The first of Iowa’s five-part 2023 Spring Turkey hunting seasons begins with a special three-day mentored youth hunt running April 7 – 9. The youth turkey hunt is followed on April 10 with the opening of the first of four regular spring seasons. The spring turkey season’s fourth and final segment concludes on May 14. The daily bag and season possession limit is one bearded or male wild turkey for each valid license issued to the specified hunter.
As always, anticipation for the upcoming seasons is running high. With turkey populations remaining strong across much of the state, hunting enthusiasts are already pacing the floor. But there are better things for preseason hunters to do than wearing a hole in the living room carpet. Time would be much better spent by getting outdoors and scouting the woodlands you plan to hunt. With snow cover melted, wintering flocks are beginning to disperse. Once it begins, the spring shuffle becomes a day by day, ever-changing event.

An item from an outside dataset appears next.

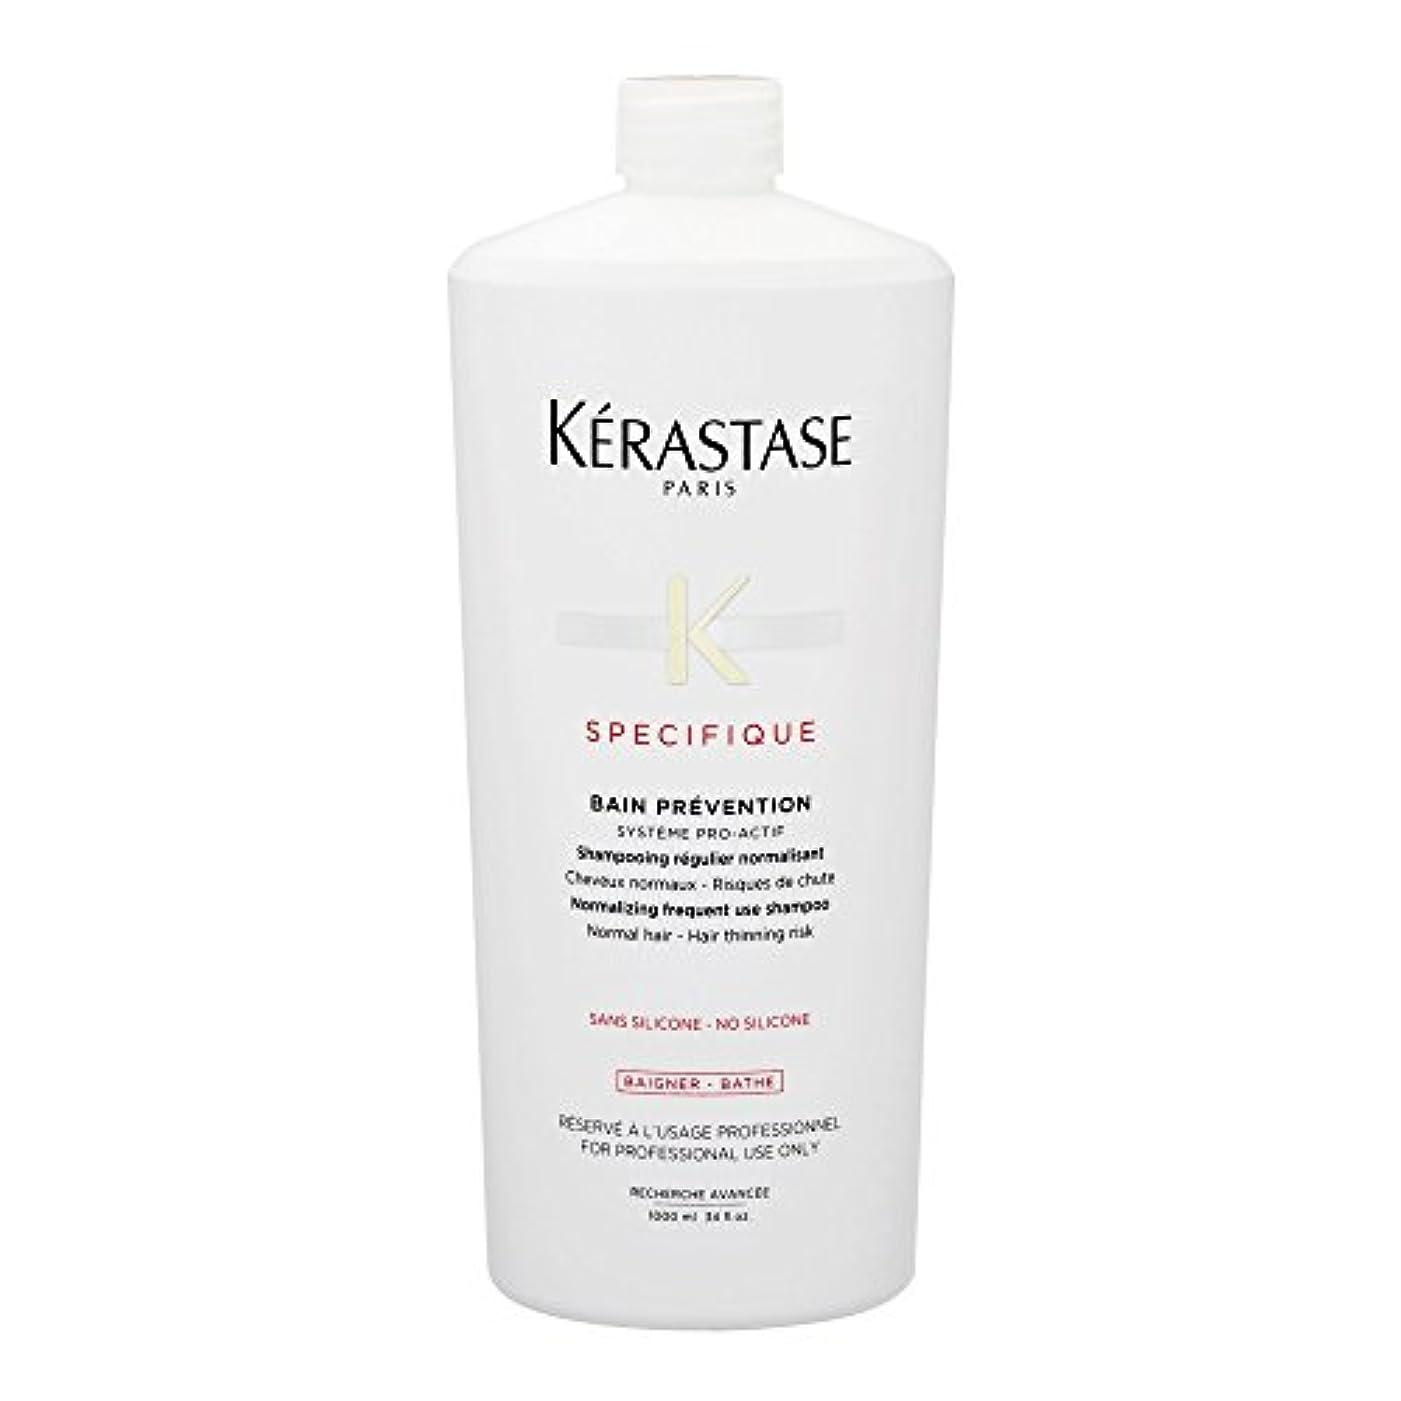 熟す何もないふりをするケラスターゼ(KERASTASE) スペシフィック SP バン プレバシオン EX<ビッグサイズ> 1000ml [並行輸入品]

By the time the season’s opener finally arrives, turkeys can be a long long way from where you saw them last month.
In addition to helping keep tabs on current turkey whereabouts, scouting forays also offer an opportunity to explore new habitats or become reacquainted with old familiar haunts. Preseason scouting will also make you a better turkey hunter by providing unparalleled opportunities to stop, look, listen and learn as wild turkeys communicate and physically interact within a completely undisturbed natural setting. If you really want to know what turkey calling is supposed to sound like, nothing tops the direct instruction of a live hen. It’s an education that cannot be equaled.
Wary and unpredictable, the eastern wild turkey remains one of North America’s most elusive quarries. And although Iowa enjoys one of the nation’s highest turkey hunting success rates, only about one in five hunters will be successful in tagging a spring gobbler. Arming yourself with an increased knowledge of turkey behavior and turkey vocalizations can only serve to increase the probability for success. Quietly sitting in the preseason woodlands with a pair of binoculars now, can pay big dividends when you return to the spring timber with a valid turkey license and bow or shotgun in hand.